TASK INPUTS Start Marker
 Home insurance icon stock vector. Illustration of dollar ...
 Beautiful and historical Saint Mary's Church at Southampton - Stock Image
TASK INPUTS End Marker
TASK INPUTS Start Marker
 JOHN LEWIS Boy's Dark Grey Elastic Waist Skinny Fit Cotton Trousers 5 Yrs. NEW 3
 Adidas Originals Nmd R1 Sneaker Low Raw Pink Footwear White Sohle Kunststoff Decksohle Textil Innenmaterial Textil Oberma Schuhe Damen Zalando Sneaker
TASK INPUTS End Marker
TASK INPUTS Start Marker
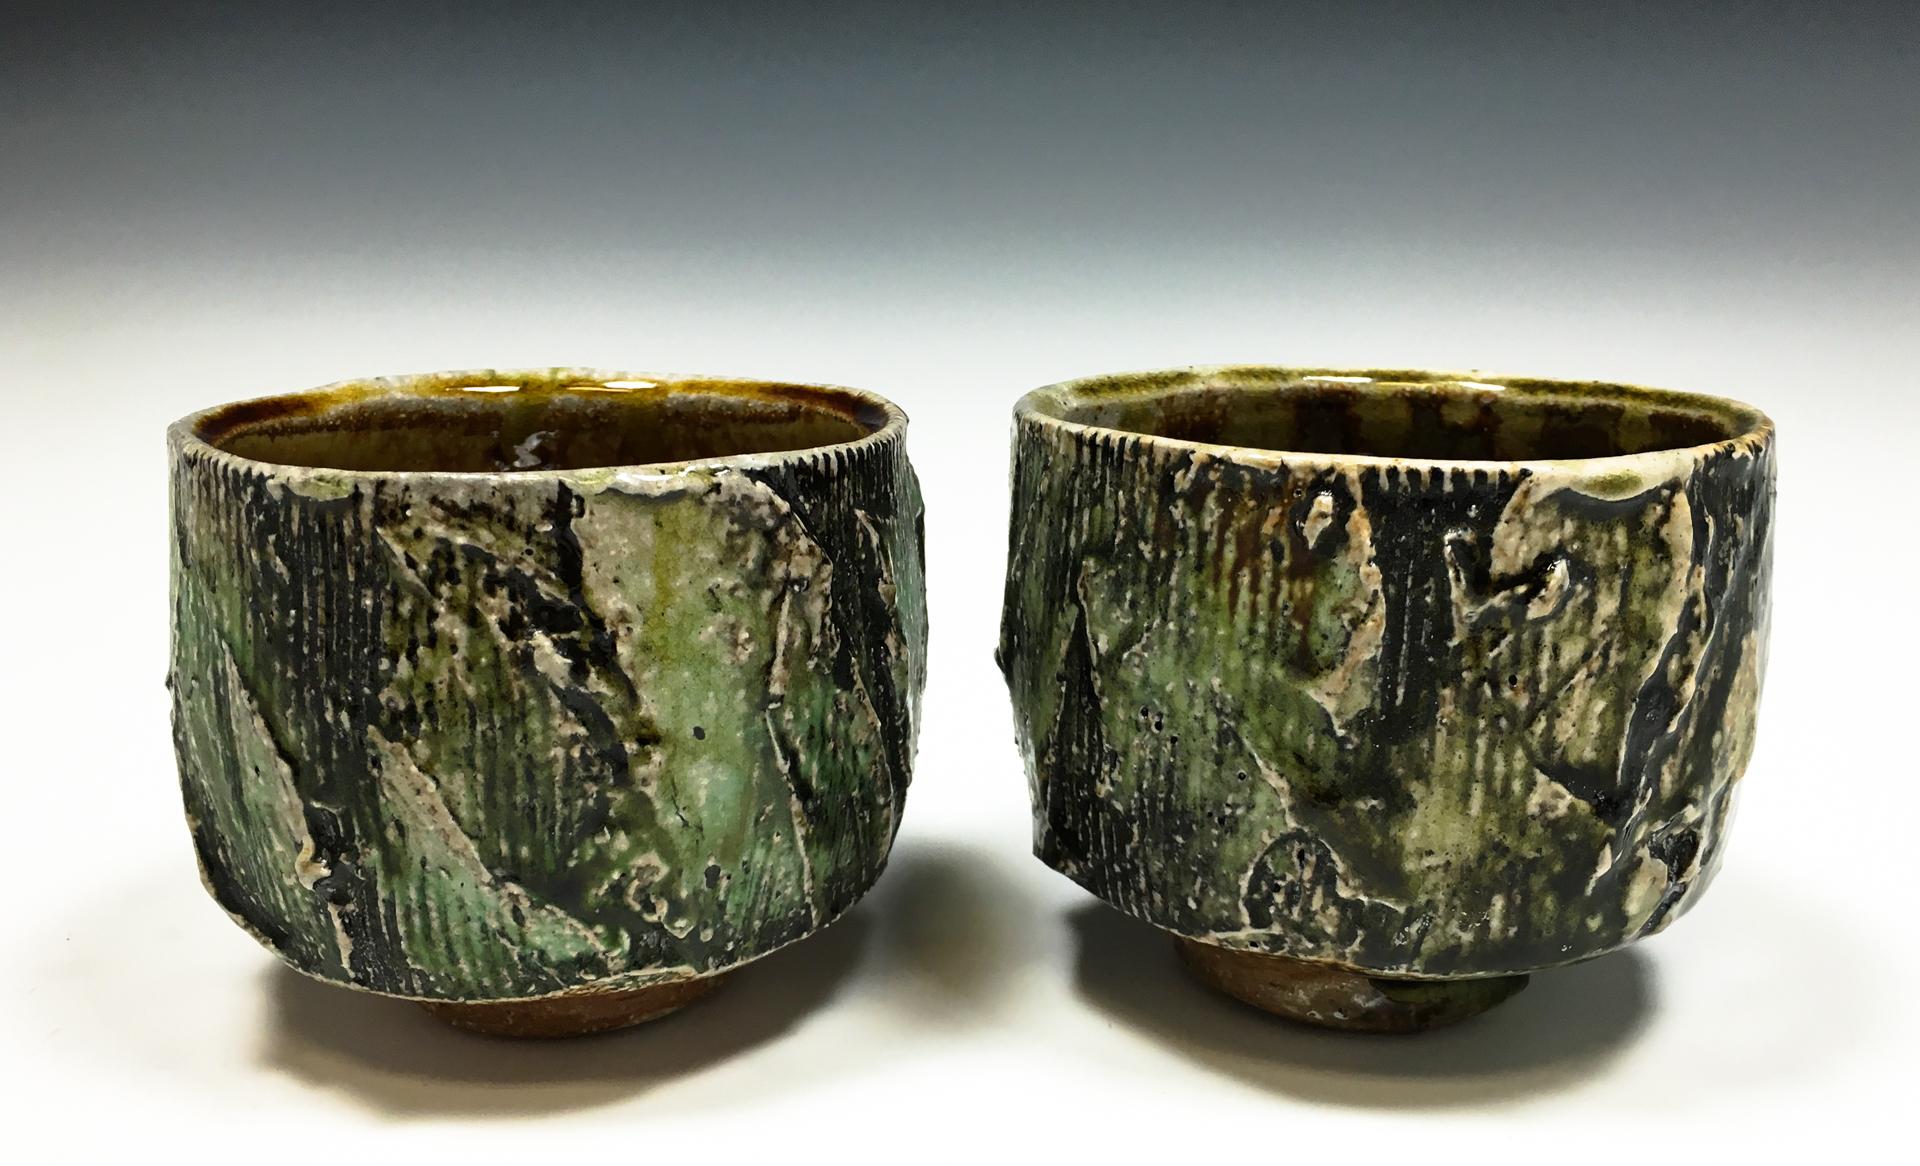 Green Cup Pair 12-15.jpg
TASK INPUTS End Marker
**YOUR OBJECTIVE:**
Within the material above, transcribe exactly the lines that run from the line holding "JOHN LEWIS Boy's" through the line holding "Adidas Originals Nmd".

**THE ANSWER:**
 JOHN LEWIS Boy's Dark Grey Elastic Waist Skinny Fit Cotton Trousers 5 Yrs. NEW 3
 Adidas Originals Nmd R1 Sneaker Low Raw Pink Footwear White Sohle Kunststoff Decksohle Textil Innenmaterial Textil Oberma Schuhe Damen Zalando Sneaker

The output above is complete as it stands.